Yes Dear ......Eye curlers could damage your eyelashes in case you apply mascara before using eye curlers because the maskara may stick with the curler. Be careful you may also pull out your eyelashes.  /emoticons/[email protected] 2x" width="20" height="20" />


----------



## elfuser4ever (Mar 2, 2012)

The lash loss I've experienced is not from lashes being pulled out but from breakage, and it always happens in the center, never on the sides.  Anyone else experience this?  I really need to curl mine because they are so straight but once they break, i quit using it and let them grow back out.  That usually takes about a month.  Any suggestions are appreciated.


----------



## amoxirat (Mar 4, 2012)

> Originally Posted by *elfuser4ever* /img/forum/go_quote.gif
> 
> The lash loss I've experienced is not from lashes being pulled out but from breakage, and it always happens in the center, never on the sides.  Anyone else experience this?  I really need to curl mine because they are so straight but once they break, i quit using it and let them grow back out.  That usually takes about a month.  Any suggestions are appreciated.
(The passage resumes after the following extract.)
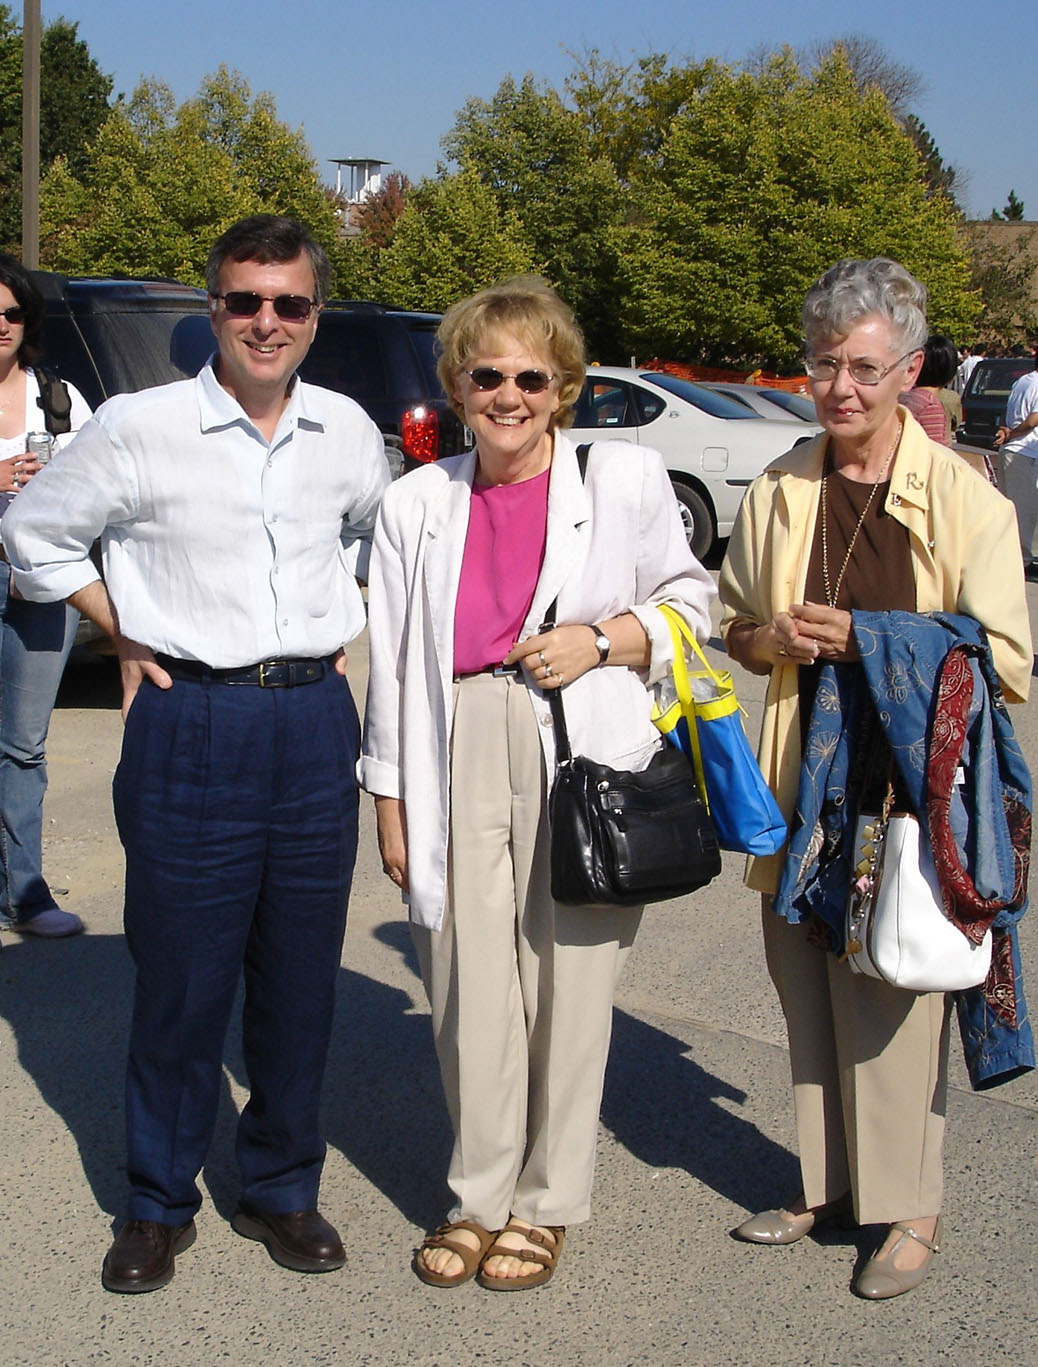 Nikolaos Katopodes, Linda Fink and Rita Teachout

What curler are you using?  I'm not sure what's causing your breakage, but the curler itself might be the problem.


----------



## CoverGirl (Mar 4, 2012)

Hmm, my Shu doesn't seem to be a problem. Make sure you use an eyelash curler that suits your eyes.


----------



## Lashbloom (Mar 13, 2012)

Yes, curling your lashes can cause breakage and lash loss. I see it constantly with clients who use eyelash curlers. Instead maybe try getting a lash perm. They will not be as hard on your lashes and also are a more desirable look... Think a "C" curl instead of an "L" curl that your eyelash curler causes. *Eyelash perms last 4-6wks


----------



## wendycopper (Mar 14, 2012)

not surely. if you don't handle well, it do harms to eyelashes. however, if you pay attention to protect your eyelashes when you curl them, little harm will be done. so it depends on how we deal with the matter.


----------